Noshir Contractor: And so the algorithms are optimizing for things, but not necessarily the things that are good for society, it might be optimizing for things that might be serving the interests of the platforms and a business model, as opposed to democracy, for example.

Sandra González-Bailón: Absolutely. And again, if we were to get together and start having a conversation about what’s good for democracy, I’m sure we wouldn’t agree, right? I think it’s also unfair that sometimes we post demands on these companies that we as a society don’t have answers for. I do believe that we can settle on a common ground that has enough agreement to facilitate that kind of answer. And then once we have that answer, we can work hopefully together to make sure that we guarantee that we optimize for those parameters.

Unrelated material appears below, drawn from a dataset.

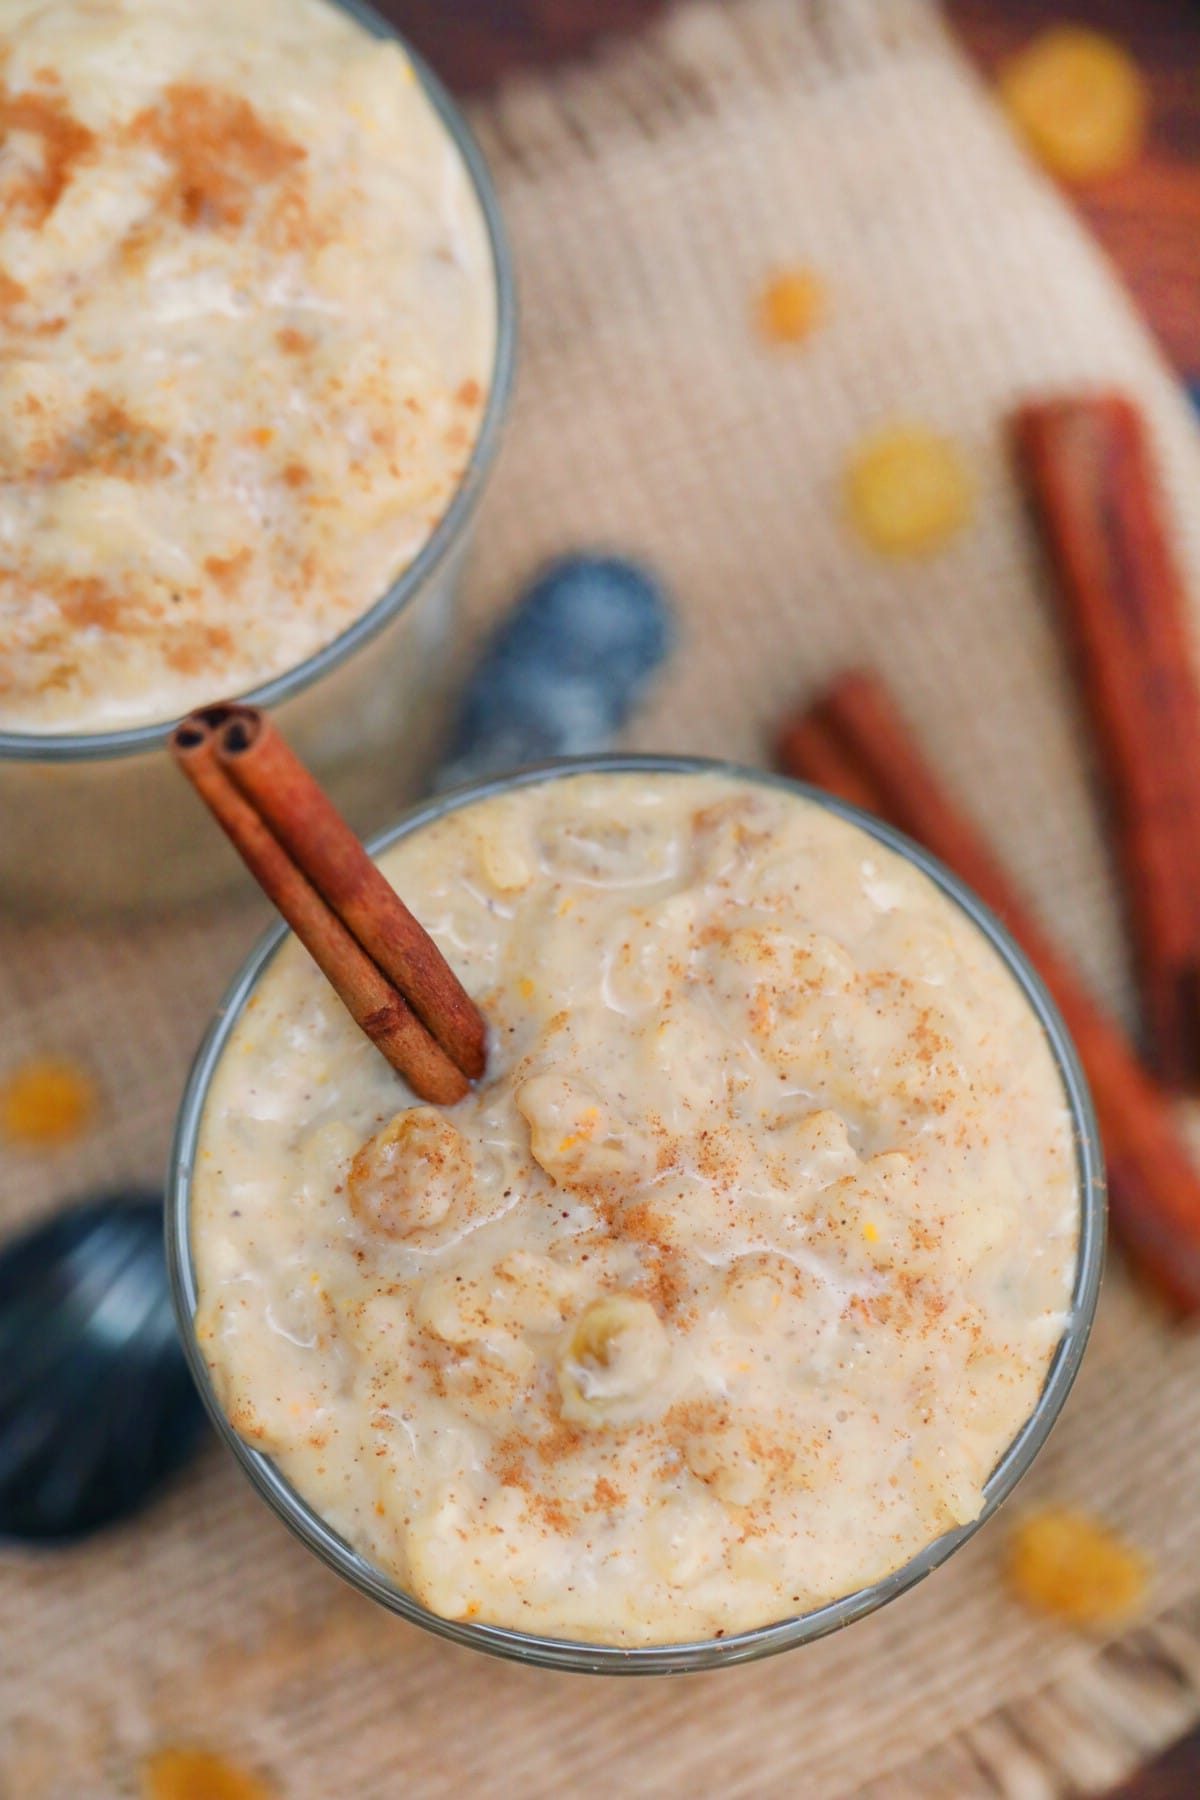 Rice pudding in glass with cinnamon stick

Noshir Contractor: I want to zoom out a little bit, Sandra, and ask you, where do you see the most important research that needs to be done in terms of the web, moving forward, either by yourself, or by the web science community? What are the big questions that you see, we need to be addressing 

Sandra González-Bailón: So one question relates to the impact of these technologies and democracy in general. And I think there’s been a lot of emphasis on data sharing, sort of forcing many of these companies to offer data. That’s important, but I think more important than having access to the data, is defining the questions. It’s very difficult to come up with a data dump, it’s got to every question that any researcher may have. 

One of the big challenges for us and one of the priorities we should all be focusing on is, what are the main questions that these companies, but also the research community should be working on to answer? And what are the kind of data infrastructure and research infrastructures that we need to be able to answer those questions, because this requires collaboration and creating bridges across labs and teamwork. And I’m not sure that academic institutions are designed to encourage that kind of teamwork. I think that’s one of the big challenges we face as well. We have to facilitate that kind of collaboration. And I think that’s where we should be putting all our energies on.

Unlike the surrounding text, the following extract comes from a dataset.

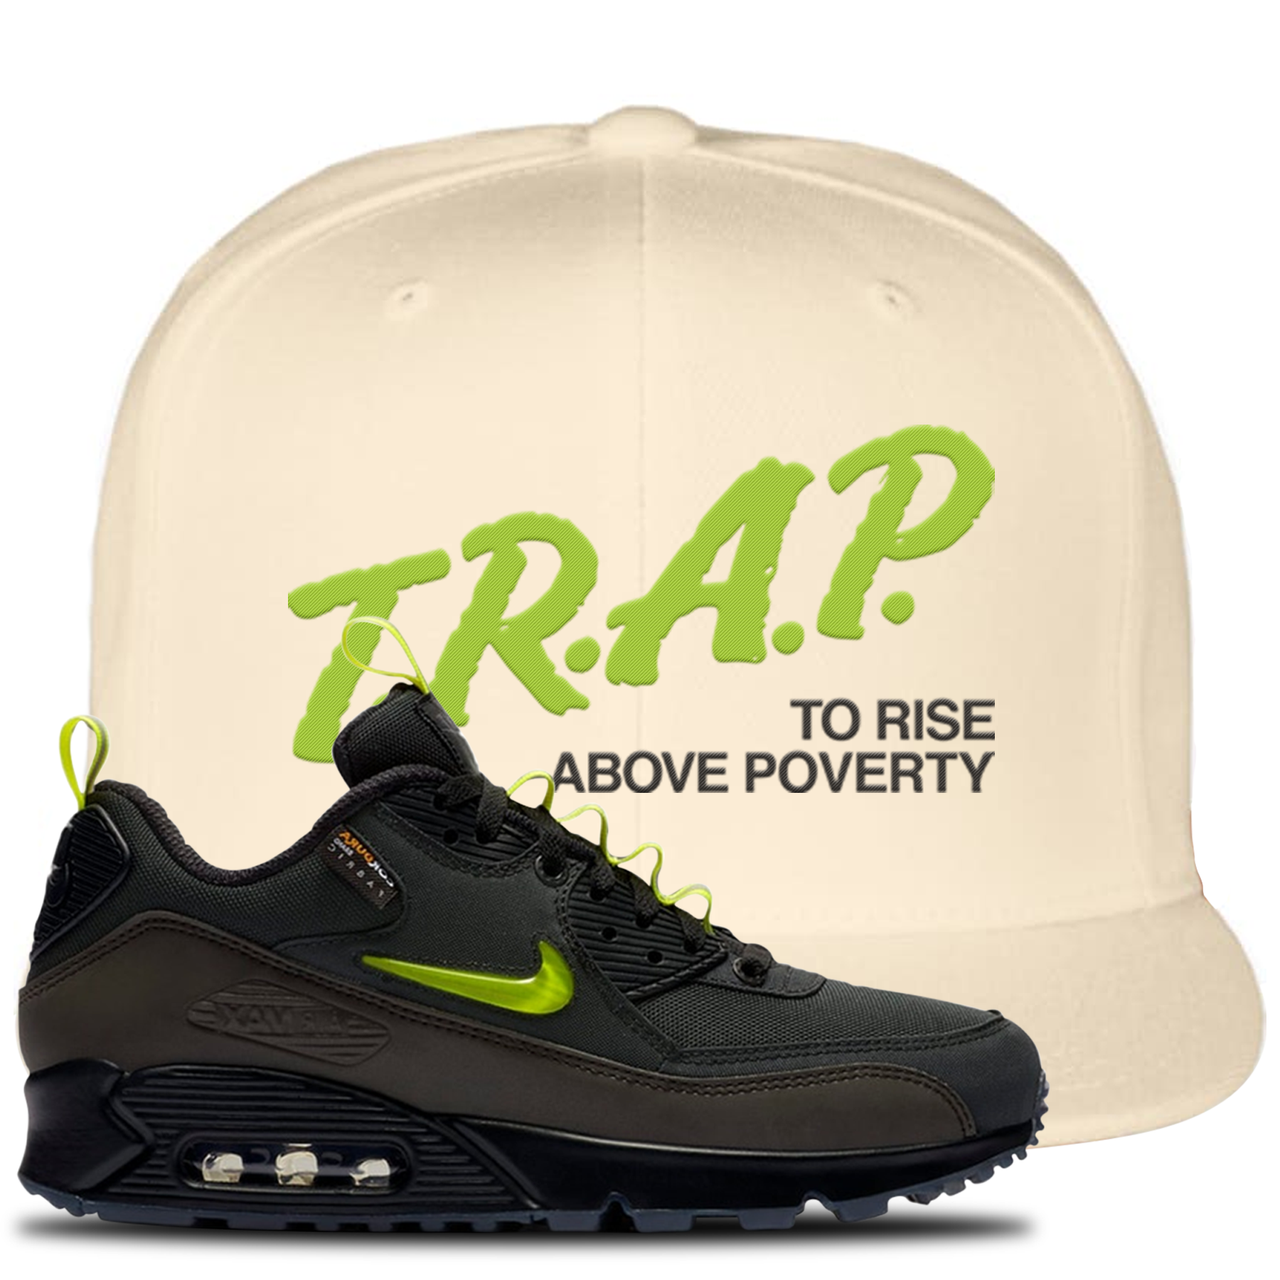 The Basement X Air Max 90 Manchester Trap to Rise Above Poverty White Sneaker Hook Up Snapback Hat

Noshir Contractor: I want to thank you so much, Sandra, for joining us today. You’ve persuaded me about the lack of determinism in our models being a good sign for society. And you’ve also talked us through two examples in your own recent research, where people tend to blame technology for certain kinds of phenomena, whether it’s contentious political events and bots or whether it’s increasing or decreasing polarization. And your research has convinced us that it’s one part of the puzzle ,but blaming technology is not in and of itself, valid, in the case of at least these two studies that you’ve done. So thank you again so much for joining us, Sandra. And I look forward to seeing your continued research in these areas.

Sandra González-Bailón: Thank you, Nosh, and I look forward to meeting you in-person again soon.